Pages

Sunday, April 1, 2012

For your reading pleasure...

Some say the "New Age," which was really launched by the 60s counterculture revolution, is way past its prime. Regardless, it seems that "yesterday's science fiction is today's science fact," and also that "yesterday's hallucination is today's quantum physics." The modern world has not assimilated what Einstein had to say -- never mind Niels Bohr, Edwin Schroedinger, Stephen Hawking or now, a new age voice like Deepak Chopra! Figures like Katie Byron, Marianne Williamson, Wayne Dyer, Eckhart Tolle and others, on whose shoulders the visible part of self-realization movement rests, at least in the United States, may be on a path of convergence with science. Their beliefs certainly do not oppose it.

A couple of decades ago, occultists were derided for mentioning out-of-body experiences; now scientists are producing those in a laboratory in Lausanne, Switzerland. Vortices have claimed a new legitimacy. Descartes' notion that the universe is composed of vortex fields was consigned to the category of quaint philosophical trivia; now his "relative space" is again more modern than Newton's version, and some physicists are exploring the notion that vortex motion is fundamental to matter and energy, down to the quantum level (example, work of Wiktor Lapcik). Scientists like Pete A. Sanders Jr. (author of Scientific Vortex Information, Free Soul Publishing, Sedona AZ), are helping dismiss the pseudoscientific theories of vortexes (it's "magnetism") while directing attention to the phenomenon as instrumental in the development of human consciousness of other dimensions of energy.
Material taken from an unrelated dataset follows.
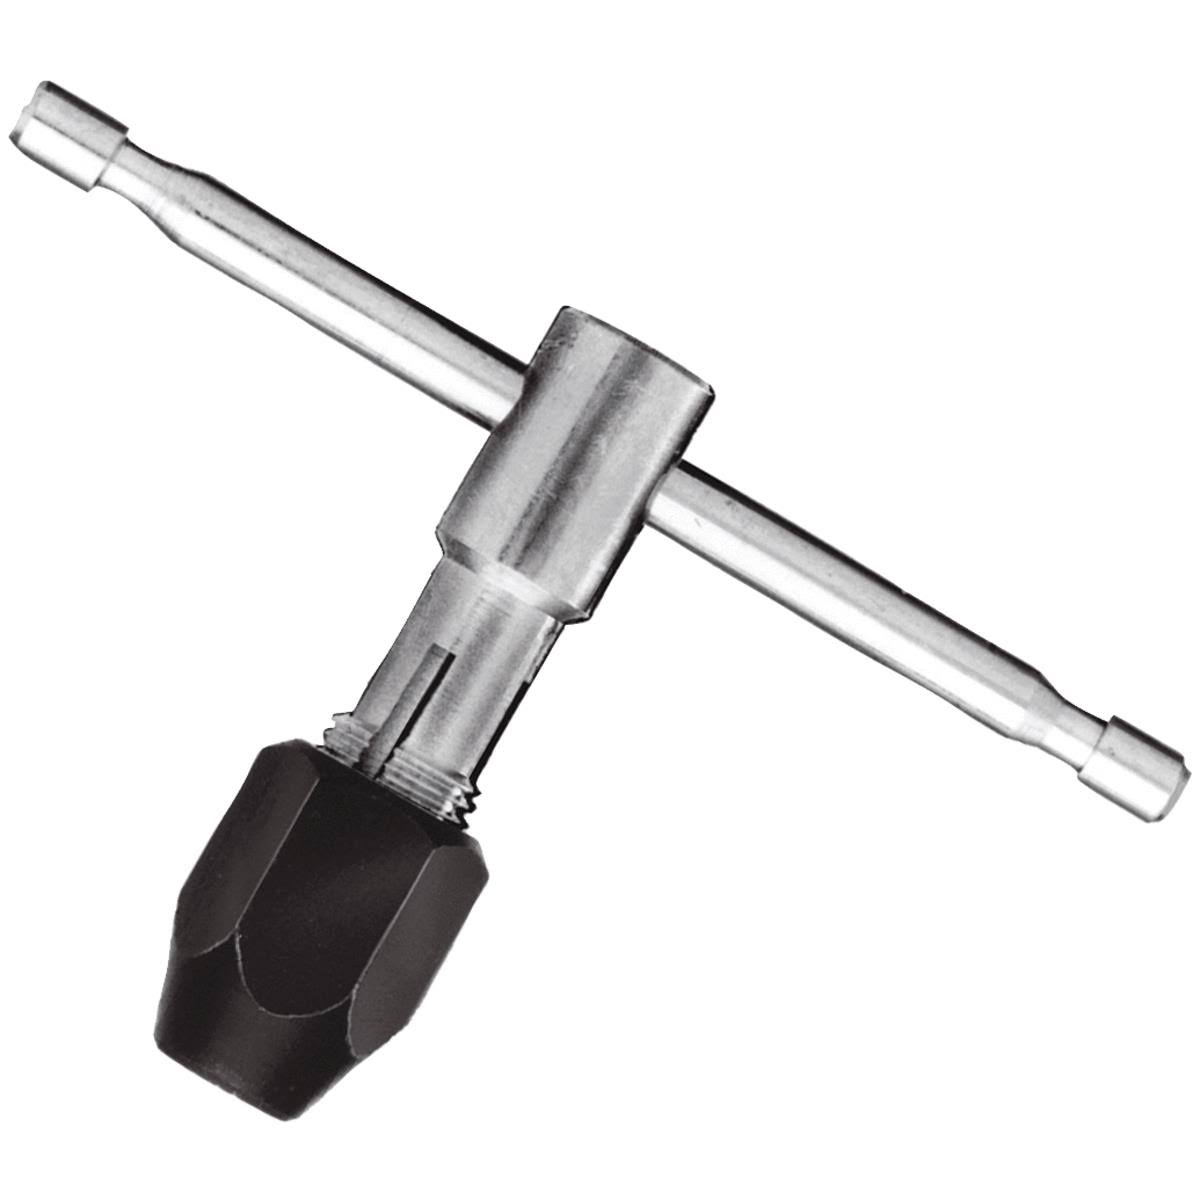 Irwin Tools T-Handle Tap Wrench

Thus, people who use crystals, interpret Tarot, cast the I Ching, channel the goddess, read a Fritjof Capra, could still be considered New Agers -- but it is the "old" New Age. Increasingly the vortex universe is much broader, both more involved in science and and in a view of consciousness which is not recognizable from that of 50 years ago. People like José Argüelles, whose work has certainly not been assimilated, may be on the line of transition from the old to the new New Age. The same people who are investigating vortexes, may be reading Ray Kurzweil (futurist, technologist), Mohammed Yunus (Nobel laureate, founder of micro-banking), Arundhati Roy (social commentary), Elisabeth Kübler-Ross (expert on rituals of death and dying), Abdul Aziz Said (author, professor, holds Chair of Islamic Peace at American University), or Zalman Schachter-Shalomi (Orthodox Rabbi, founder of the Jewish Renewal movement). Those aren't New Age voices at all; maybe they could be called "Third Culture" voices -- again, part of the point of convergence between scientific views with those of the "softer" arts and sciences.